A practical workaround that keeps keyword-style freezing
If you want to freeze parameters by name and still present curve_fit with a clean positional interface, wrap the model so that the fixed parameters are removed from the signature while the remaining ones stay positional. The helper below preserves the model’s logic and only adjusts the callable’s signature for the optimizer.
import inspect
def lock_params(target, **fixed):
    sig0 = inspect.signature(target)
    pos_kinds = (
        inspect.Parameter.POSITIONAL_OR_KEYWORD,
        inspect.Parameter.POSITIONAL_ONLY,
    )
    posnames = [p.name for p in sig0.parameters.values() if p.kind in pos_kinds]
    remain_params = [
        inspect.Parameter(name, inspect.Parameter.POSITIONAL_OR_KEYWORD)

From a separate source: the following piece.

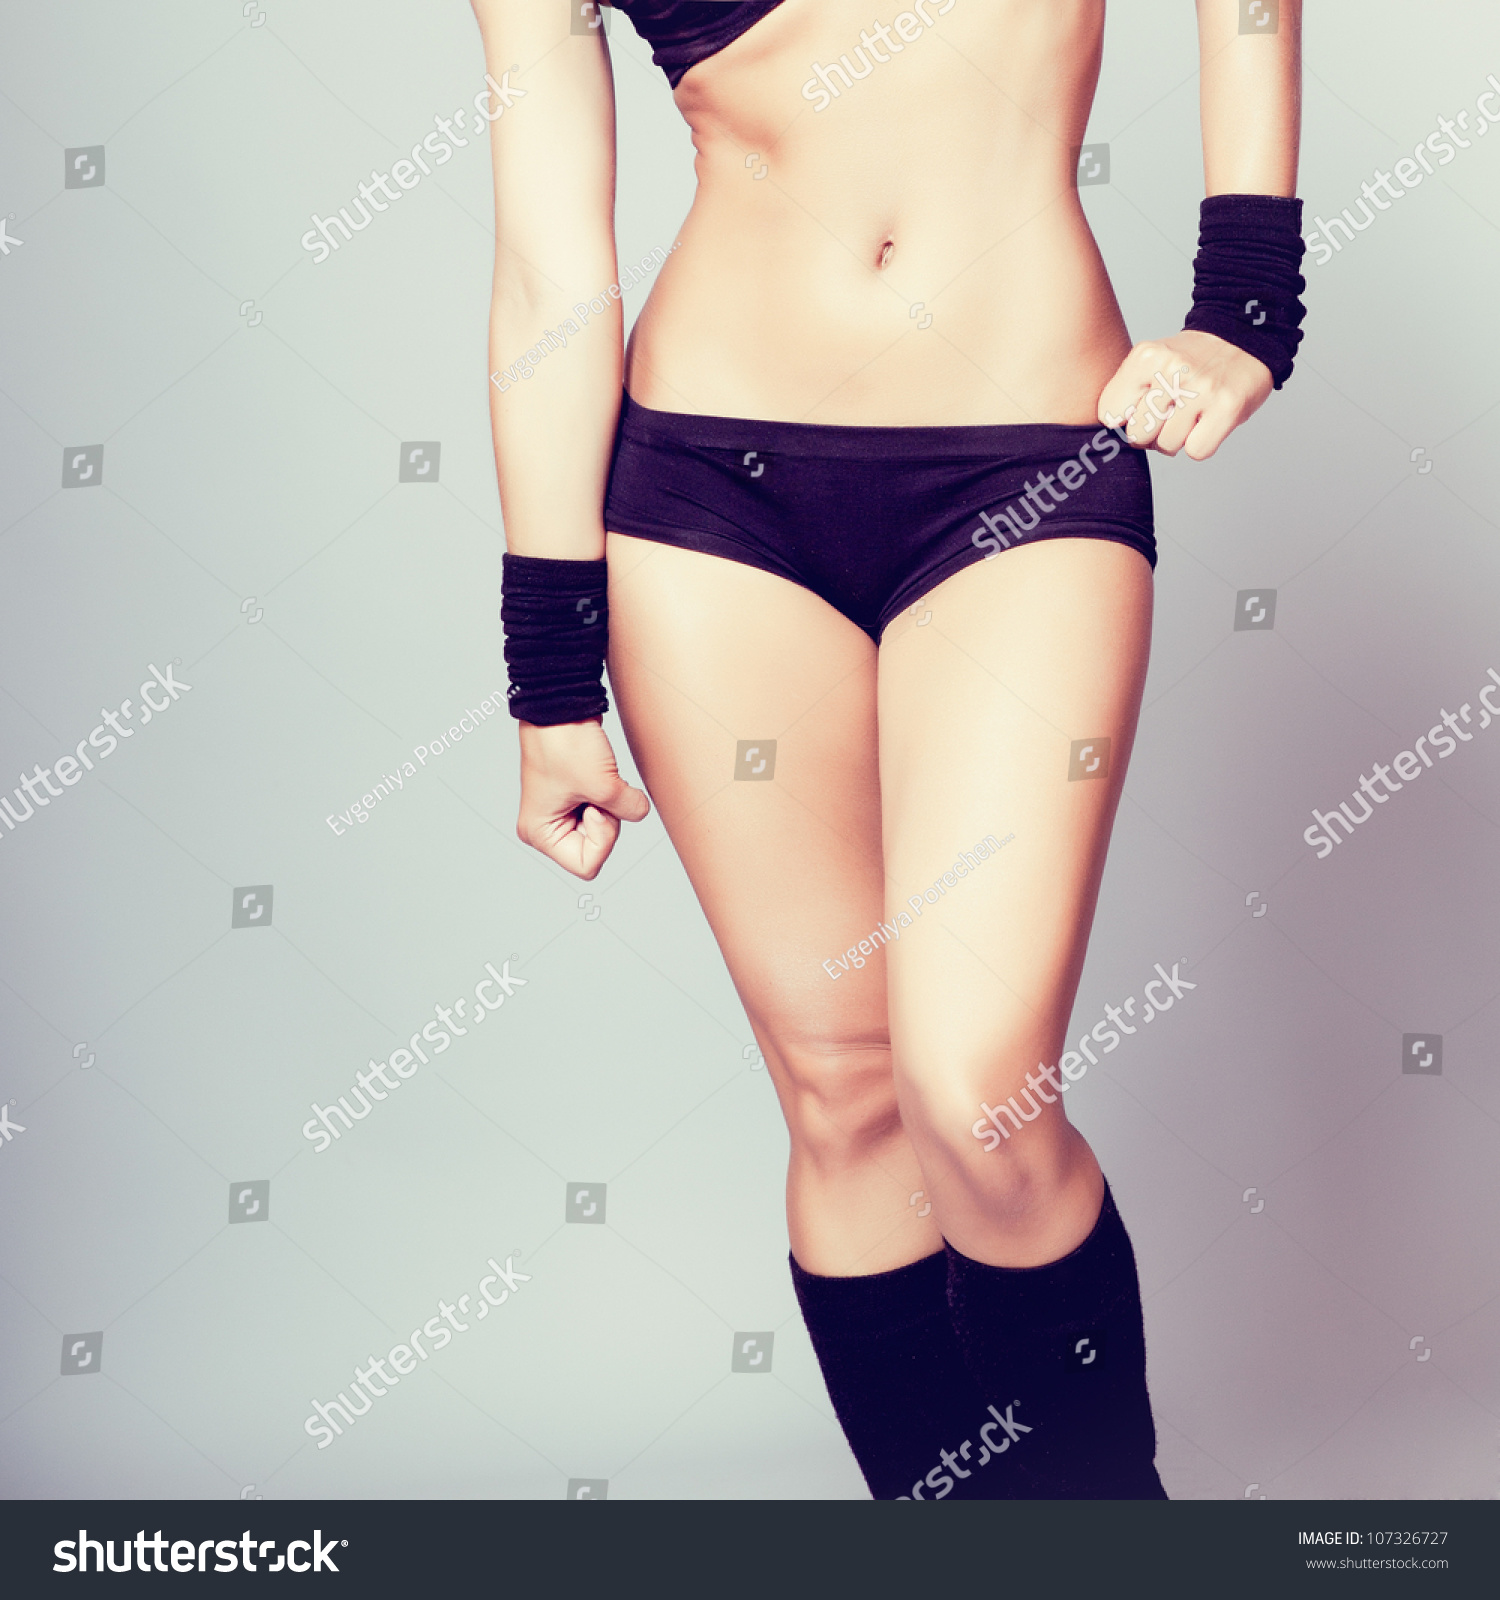 Midsection Woman Body Stock Photo (100% Legal Protection) 107326727 ...

        for name in posnames
        if name not in fixed
    ]
    sig_new = inspect.Signature(remain_params)
    def bridge(*args, **kwargs):
        bound = sig_new.bind(*args, **kwargs)
        bound.apply_defaults()
        return target(**bound.arguments, **fixed)
    bridge.__signature__ = sig_new
    bridge.__name__ = target.__name__
    return bridge
Using it looks like this:
from scipy.optimize import curve_fit
x_vals = [0] * 5
y_vals = [0] * 5
def model_fn(x, a, b):
    return x + a + b
lock_x = lock_params(model_fn, x=1)
lock_a = lock_params(model_fn, a=1)
lock_b = lock_params(model_fn, b=1)
print(curve_fit(lock_x, x_vals, y_vals)[0])  # [-1.]
print(curve_fit(lock_a, x_vals, y_vals)[0])  # [-1.]
print(curve_fit(lock_b, x_vals, y_vals)[0])  # [-1.]
This maintains the same computational logic while ensuring curve_fit sees at least one positional parameter to fit.
Why this detail matters
Model fitting pipelines often start simple and grow complex as constraints and priors are added. If the function signature silently moves parameters to KEYWORD_ONLY, an optimizer that relies on positional parameters will fail in non-obvious ways. Understanding that curve_fit inspects the callable’s signature helps avoid brittle wrappers and saves time debugging “no fit parameter” errors.
Takeaways
If you freeze parameters with functools.partial and run into ValueError about determining fit parameters, you are likely presenting a callable with no remaining positional arguments to optimize. Binding by position or freezing parameters with a wrapper that preserves positional arguments resolves the problem cleanly. When in doubt, inspect.signature on your callable shows exactly what curve_fit will see and is the quickest way to confirm whether the optimizer has at least one positional parameter to fit.